From: Andy 'Krazy' Glew on
On 5/28/2010 1:56 AM, Phil Carmody wrote:
> "nedbrek"<nedbrek(a)yahoo.com> writes:
>> Hello all,
>>
>> "Skybuck Flying"<IntoTheFuture(a)hotmail.com> wrote in message
>> news:40e23$4bfe029f$54190f09$16210(a)cache2.tilbu1.nb.home.nl...
>>> 1. Why does Delphi replace the shl 2 with two adds like that ?!?
>>
>> On the first P4, add was 1/2 cycle (2 dependent adds in 1 clock). On other
>> machines, adders are often more available than shifters (being cheaper).
>> Sometimes, shifts cost more than one cycle. Probably, the compiler has a
>> bias towards P4.
>
> There are few things cheaper than a shifter. A barrel shifter's
> more expensive, but for stuff like LEA logic, you don't need a
> barrel shifter. LEA was the usual replacement for things like
> shl 2, I don't know what Delphi was thinking. Of course, on the
> First P4s, the LEA logic used the shifter in the ALU, it magically
> became less useful again, but that's intel for you.


But notice: a 1-bit right shifter is cheap. Wires only cross 1 bit position, which they have to do anyway for any form
of add, redundant or non-redundant, that I am aware of. A 1-bit left shifter is a bit more expensive, since wires have
to go backward one bit position. A 2-bit shifter is more expensive, if you want to do it in one cycle without pumping
data twice over those 1-bit position crossing wires that you already have. Multi-bit shifters are even worse.

The Willamette mindset was that cost was all about wires. Or, at least, that was the lesson I took from Willamette.
Adds are cheap because wires only have to cross one bit position, if you are using redundant form. Or, if you want to
do a carry propagate add, you can break up an add into multiple clock cycles, e.g. calculating the low 16 bits in 1
clock with a CPA, the high the next with a CPA, propagating the carry from low to high.
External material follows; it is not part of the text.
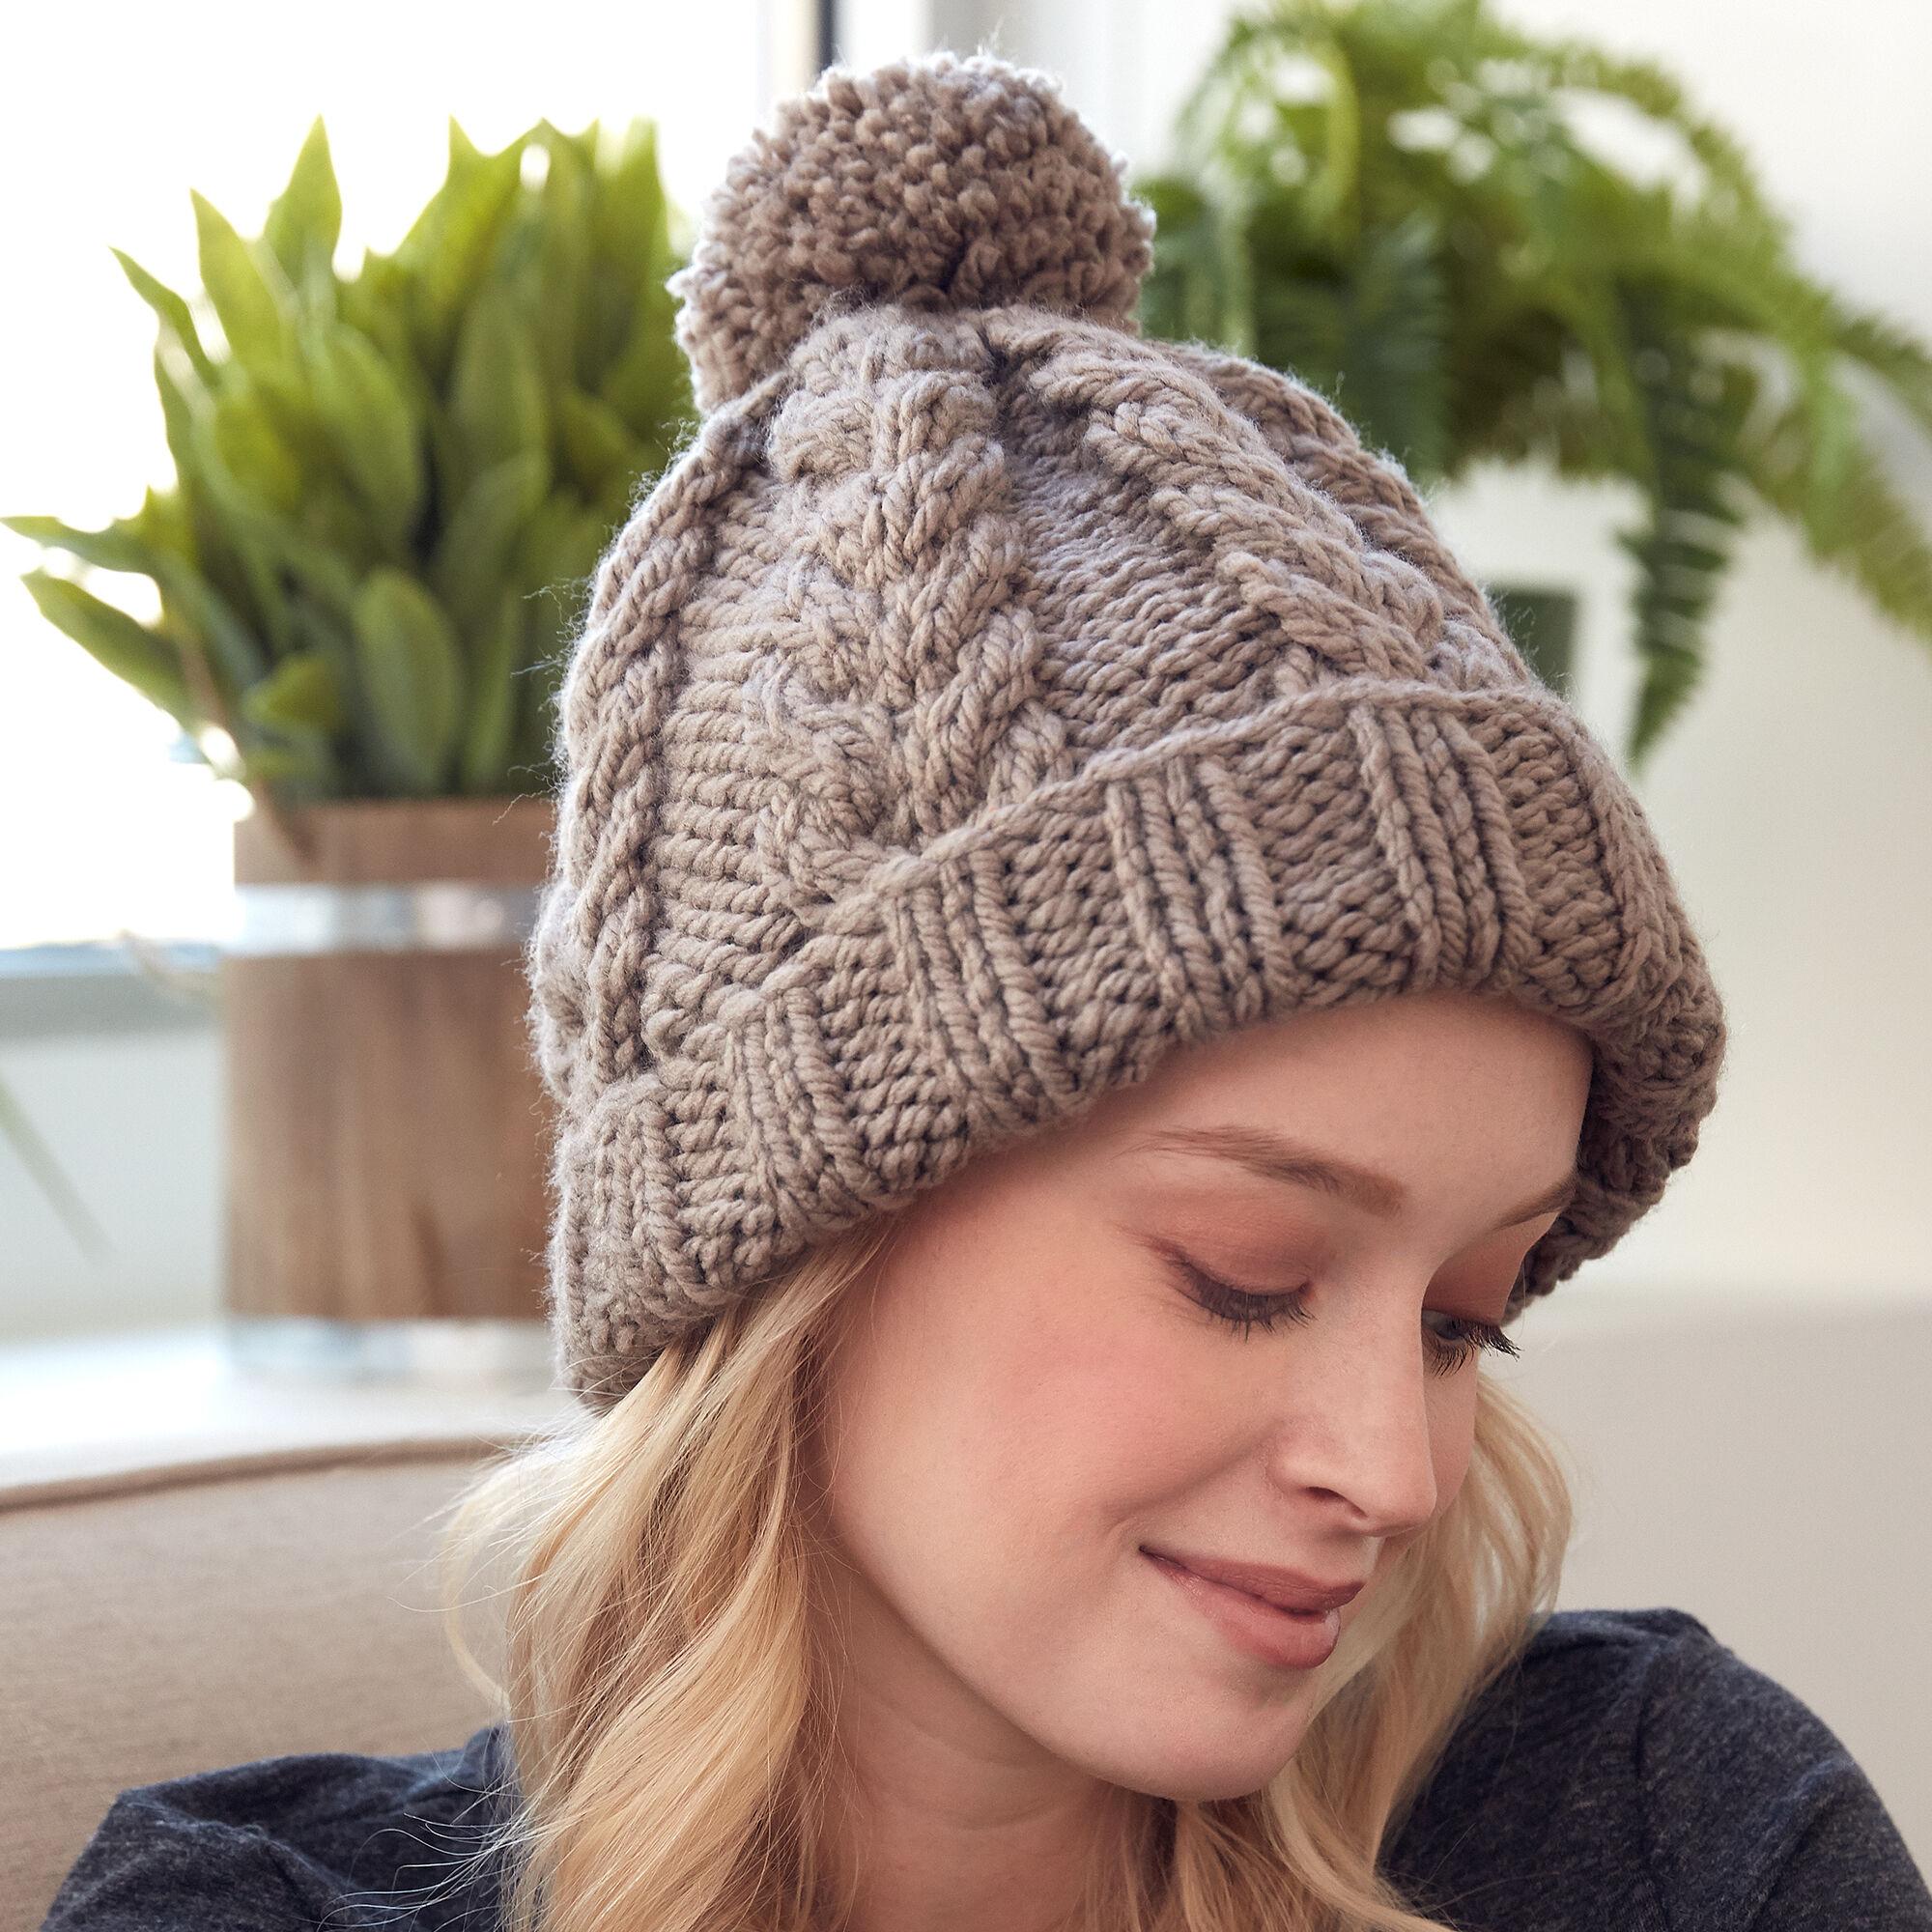 Bernat Cozy Cable Knit Hat Pattern | Yarnspirations

(Anecdote: I suggested that Mike Haertel work with Sager to use redundant add in the Willamette datapath. Instead, in
a little while he had designed what might have been at that time the world's fasttest 16-bit carry-propagate add. I
think the only redundant arithmetic ideas that remained in Willamette were what we now call sum-addressed-memory. I'll
always regret that Intel did not file a patent or publish that when it was invented in 1991, rather than letting Sun
beat us.)

Plus, you pretty much have to have adds.

Multibit shifts are more expensive, as explained above. Sure, the logic is more trivial than add - shifts are just
muxes (conceptually), whereas even redundant adds need XORs or the moral equivalent. But the wiring for a redundant
add, the wires that cross datapath bit-lanes, is less.

Comparisons are more expensive than add. Most comparisons need a carry propagate. Equals/not-equals don't need a carry
propagate, they just need the moral equivalent of a multi-bit and, but even that is more expensive than a redundant add.

(I tried to develop an abstract model of this Willamette era wiring cost model, but I admit I got stumped. It's
straightforward enough to say that wires, length thereof, crossing the datapath is most important. But it's harder to
have a model where equality, with an N-bit wide AND, is cheaper than LT, with an N-bit wide carry-propagate, since both
have wires that are N-bits wide. It's like "some N-bit wide operations are better than others". Clearly the number of
logic stages is the tie breaker. But it is less elegant to mix the two up. It's almost as if the ideal model is cost =
tuple(wire length,logic depth), rather than some function cost = W*wirelength + L*logicdepth. Historically, most folks
designed with L >> W, but in Willamette W >> L. But its hard to balance two factors at the same time, so tuple(wire
length,logic depth) is a good starting point for Willamette era designs.)